(対談)テオドル・ベスタ―氏 x デイヴィッド・リボヴィッツ氏
「TSUKIJI~生きた江戸文化ここにあり!」

威勢のよい掛け声があちこちで飛び交い、人々の間をかき分けてターレが走り抜ける東京・築地魚市場。和食がユネスコ文化遺産に登録された今、ここはまさしく世界の台所だ。2016年秋には新天地・豊洲への移転が決まっているが、現在の姿を惜しむ声も多い。文化人類学者と、築地市場で働いた経験を持つマグロ業者―築地を愛してやまないお二人に、その魅力を大いに語ってもらった。

[2015年6月]

テオドル・C・ベスター/ 文化人類学者
1951年米国イリノイ州生まれ。ハーバード大学社会文化人類学教授、同大ライシャワー日本研究所所長。築地の魅力に惹きつけられ、89年から14年間にわたって取材をし、“Tsukiji: The Fish Market at the Center of the World”(カリフォルニア大学出版、2004年。日本語版『築地』は木楽舎より2007年刊行)を完成させた。同書は米国人類学協会経済人類学部門2006年最優秀賞ほか多数の賞に輝く。現在の研究テーマは日本の食文化の伝統と和食の世界的普及。

デイヴィッド・リボウィッツ /マグロ輸出会社経営者 
1968年米国ニューヨーク市生まれ。DML株式会社代表取締役。93年に来日、まだ日本文化にもなじみがない頃に築地市場のマグロ卸業者「山和」で1年半勤務。その後2000年に北米に生鮮・冷凍マグロおよび加工品を輸出するDML株式会社を創業、Itsumo Foodsブランドを展開している。その活動は『ジャパン・タイムス』などで紹介された。

 

築地魚市場に一目ぼれ?

テオドル・ベスター: 私が最初に築地に出会ったのは、今から30年前。当時は結婚したての貧乏留学生でしたが、なぜか地元のすし屋さんと知り合いになり、魚についてあれこれ尋ねるうちに「築地に行ってみる?」という話になった。興味半分で出掛けたものの、まるで火星に行ったようでしたね(笑)。見たこともない魚を前に、仲卸人たちの会話もほとんど理解できず、市場の雰囲気に圧倒されるばかりでした。

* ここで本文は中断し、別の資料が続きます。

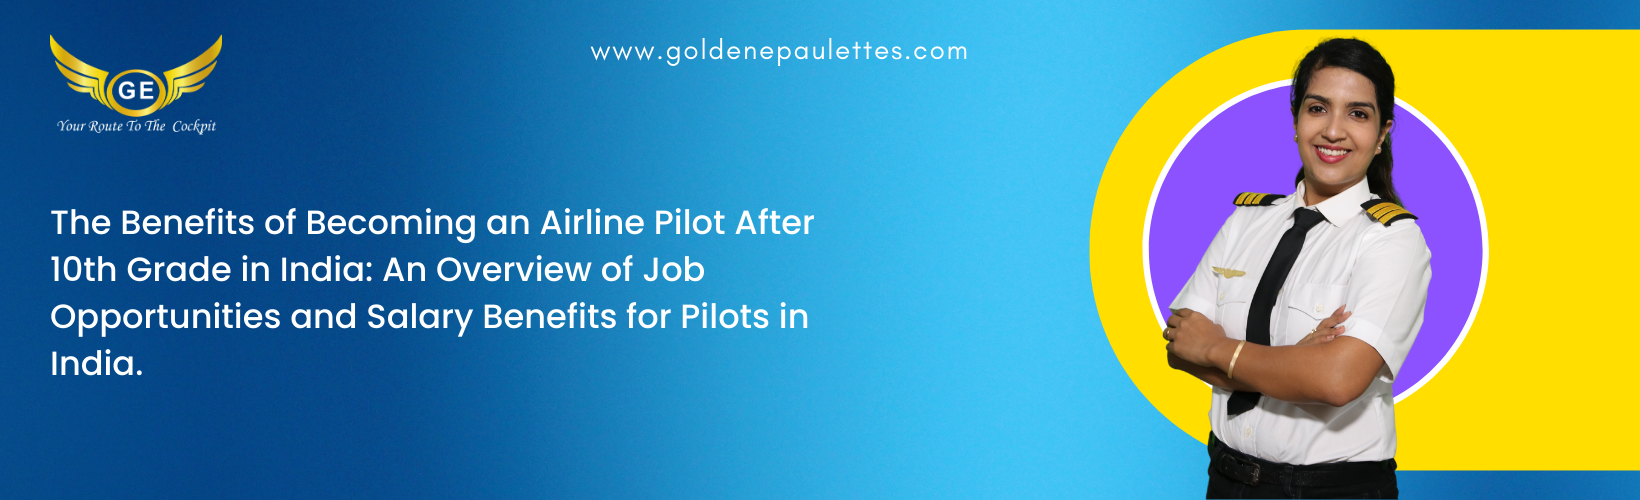 The Advantages of Pursuing a Career as a Pilot After 10th Grade in India

その10数年後、日本の物流システムを研究するため東京にいた私は、再び築地を訪れることになった。その頃には言葉も上達し、日本社会に関する知識もかなり備わっていたので、現場で話が聞けるだろうと出掛けたんです。そうしたら、今度は完全にのめりこんでしまいました。「こんなに面白い場所は世界中どこを探してもない!」そう確信した私は、以来、築地市場の研究に没頭し、2004年にその成果を本にまとめたんです。

デイヴィッド・リボウィッツ: 僕も拝読しました。今日こうして直接お話しできて、とても光栄です。僕の場合、築地との出会いは全くの偶然でした。それまでは古着屋ビジネスで成功していたんです。しかし1997年、ひょんなことからマグロ業者の方と知り合いになり築地へ行った時のこと。魚の匂いや潮の香り、活気に満ちた市場の喧騒、縦横無尽に動き回る男たち…五感のすべてが刺激され、一瞬で築地にほれ込んでしまった。それで、つてを頼りに河岸の世界に飛び込み、マグロ仲卸業者の店で1年半ほど修業させてもらったんです。


1日2000トン以上の水産物が取り扱われる築地市場には、日々約3万人の買い出し人が訪れる。(写真提供:山和株式会社)

築地に垣間見る江戸文化

ベスター: 築地の魅力は何よりそこで働く人たちですね。河岸の仕事は朝が早いし、決して楽じゃない。でもなぜか皆が気持ちよく働いている。競売人、仲卸業者、魚の買い付けに来るプロの料理人たちは皆、冗談を言い合ったりしながら常に「笑い」を絶やさない。そうした日々のやりとりを通じて構築される人間関係が、築地の持つ独特な文化や商習慣の根幹にあるように思います。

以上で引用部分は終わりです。